Шрифт:
Дауд сообразил, что дело плохо, и дернул Руслана за плечо, чтобы отодвинуть от стены. Руслан вознес хвалу Ахурамазде, что у этого ебани-гуля недостаточно дури, чтобы вот так вот отделить человека от его собственной примерзшей руки. Но если верить ощущениям, он был очень близко. Еще бы чуть-чуть, самую малость — и он либо переломал бы кости, либо оторвал бы руку.
Дауд решил, что одной попыткой ограничиваться нельзя, уперся ногой в стену и попытался снова. На этот раз Руслан закричал от боли. Звук, вероятно, получился таким сильным, что Дауда не просто оглушило, но парализовало. Он застонал, и его усиленный многократно голос ударил по ушам Руслана. Ударил почти буквально. Закружилась голова, как в нокауте, зазвенело в ушах, ноги подкосились, он едва не упал, но удержался, схватившись второй рукой за стену, и… едва не закричал, но каким-то чудом сумел справиться, понимая, чем это обернется для Дауда.
Какая-то часть Руслана лихорадочно соображала, что он может сделать в этой странной ситуации и почему она так напоминает сказку про смоляное чучелко. Он перебирал все, что знал про Кшатра Варью. Покровитель мужчин, металлов, небесной тверди. Кшатра — это ведийское кшатрий, это власть, это не просто власть, но власть над собой и демонами! Кшатра — это сила, которая приходит от союза человека и бога. «Союз» на авестийском и есть «маг».

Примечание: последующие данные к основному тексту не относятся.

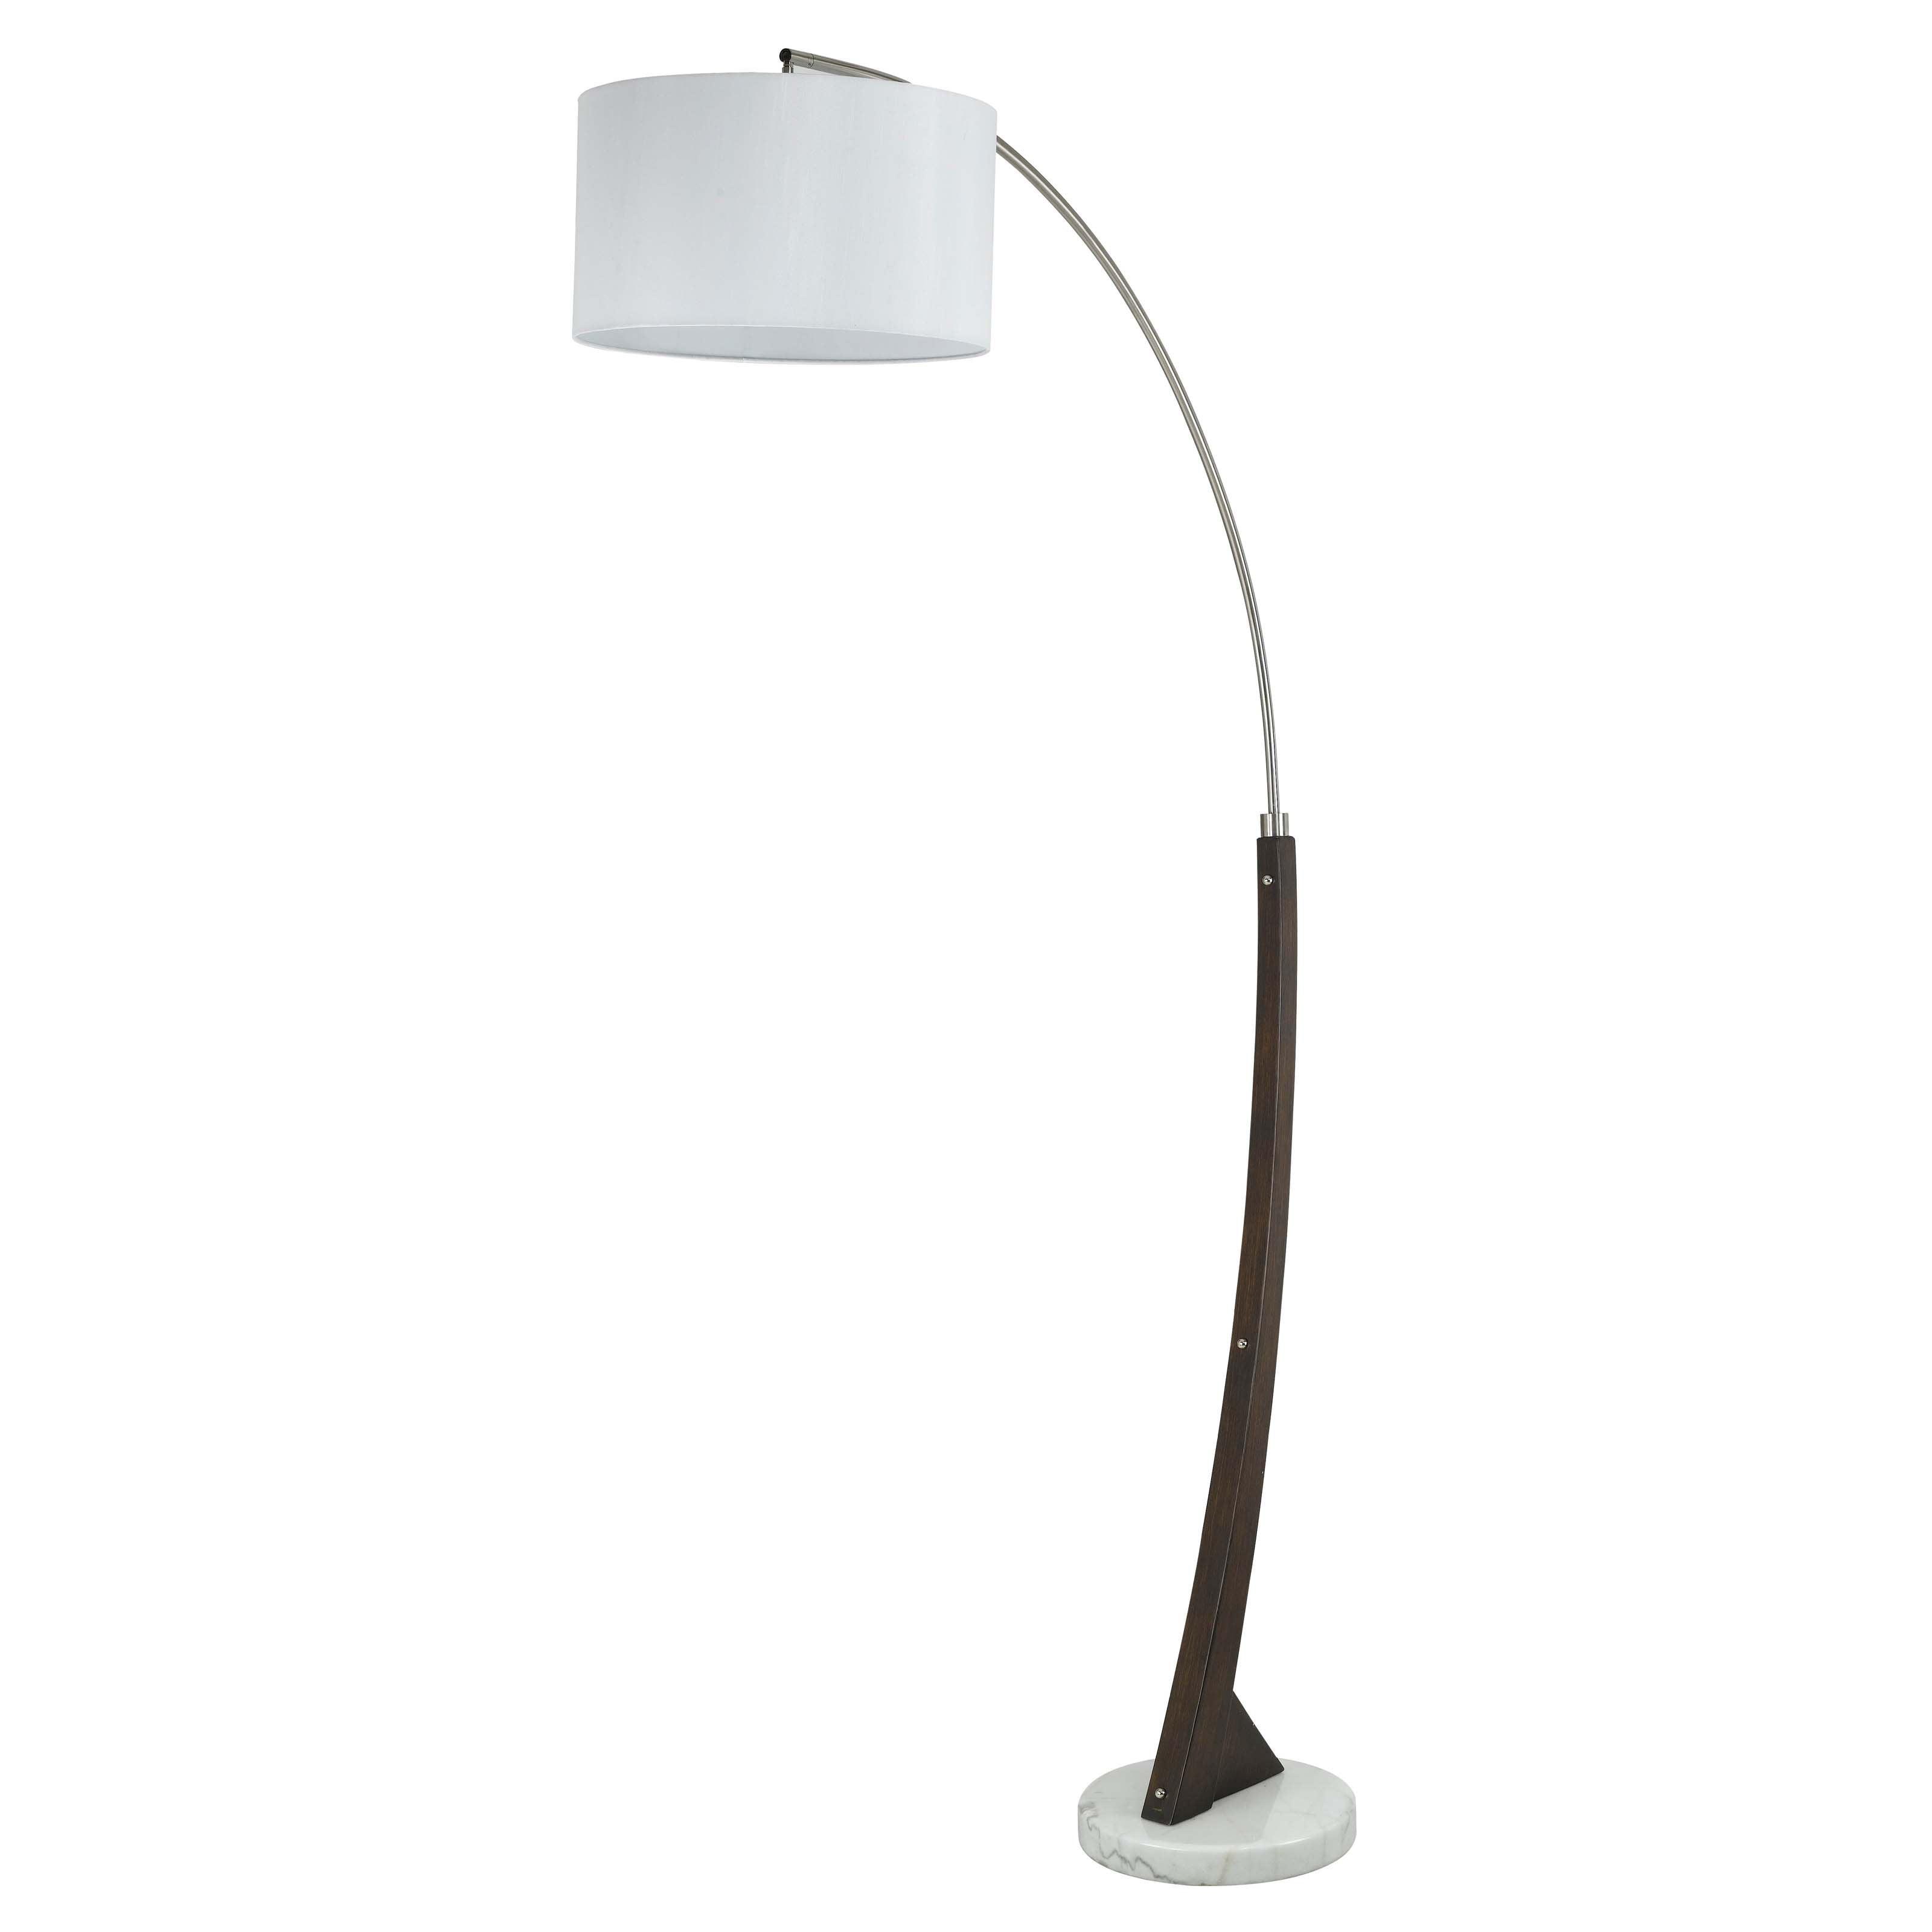 Cal Lighting BO-2033 Arc Floor Lamp with Hardback Fabric Shade by CAL Lighting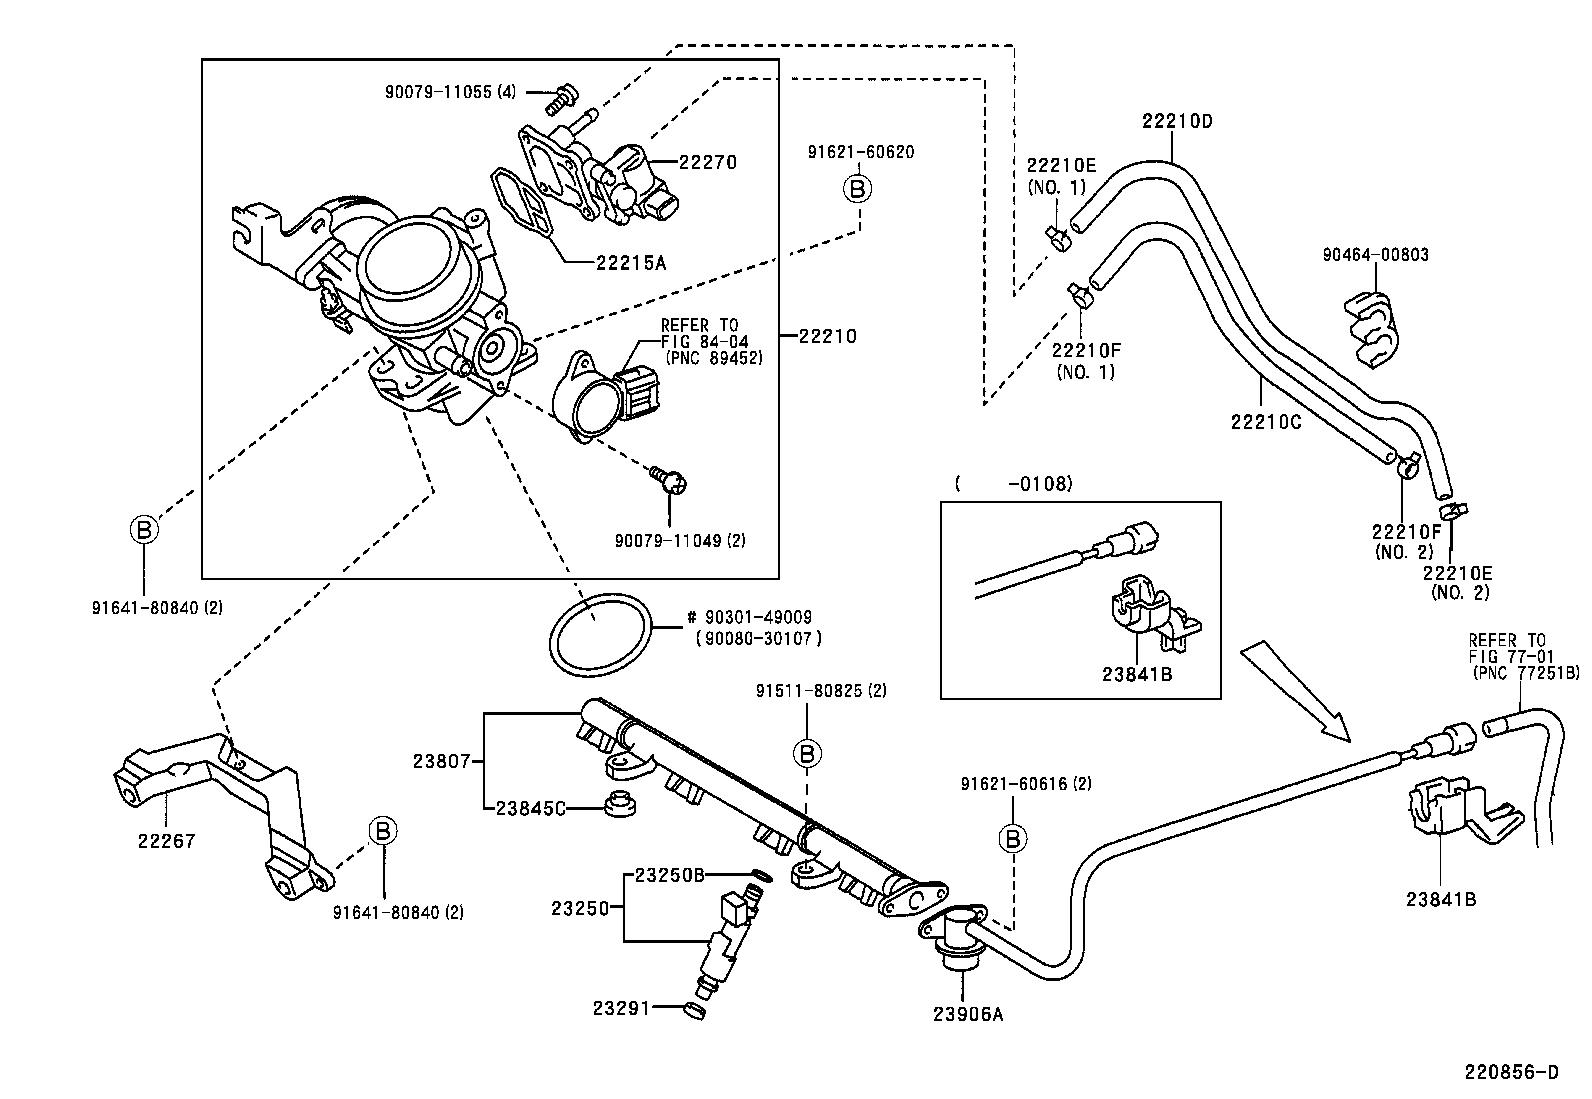 Mazda B2000 Fuel Pump Relay Wiring Diagram 1989 Mazda

Но пока он это думал и пытался вернуть контроль хотя бы над руками, холод добрался до плеч. Когда он доберется до жизненно важных органов, все закончится. Руслан невпопад подумал, что не с того начал. Вполне вероятно, что надо было идти по порядку. Сначала Воху Мана, потом Аша Вахишта и так далее…
Он прислушался, пытаясь понять, в сознании ли Дауд. Ничего не вышло. Как будто все звуки мира пропали, кроме голосов. Руслан прикинул, как еще можно проверить, жив ли Дауд вообще. Можно нащупать ногой, но это малоинформативно… Разве что гуль пнет его в ответ.
Руслан вдруг осознал, что усиливается не только голос. Когда Дауд попытался оттащить его от скалы, физическое воздействие явно возросло. Если сейчас пнуть Дауда, то можно переломать ему кости…
Холод стал распространяться по позвоночнику вверх и вниз. В груди и животе еще сохранялось тепло (хотя, очевидно, ненадолго), а вот голова… Как будто бы мысли замерзли… Лицо плохо шевелилось…
Он снова вспомнил проклятые качели, которые лизнул нарочно. Просто потому, что мама сказала не лизать. Ну и что? Прилип, конечно…
Сознание совсем заволокло, Руслан будто бы слышал треск льда. Он повернул голову в сторону Дауда, глубоко вдохнул через нос, задержал дыхание на пару секунд и подул. Снова втянул воздух носом. Если воздействие, оказываемое ими друг на друга, усиливается, то есть вероятность, что дыхание разморозит Дауда.
После третьего выдоха он совсем замерз. Тело стало каким-то далеким, воспоминания реальными, объемными. Дауд рассказывал недавно о чужой памяти? Ну вот, например, постоянно повторяющееся воспоминание. Не сон, нет.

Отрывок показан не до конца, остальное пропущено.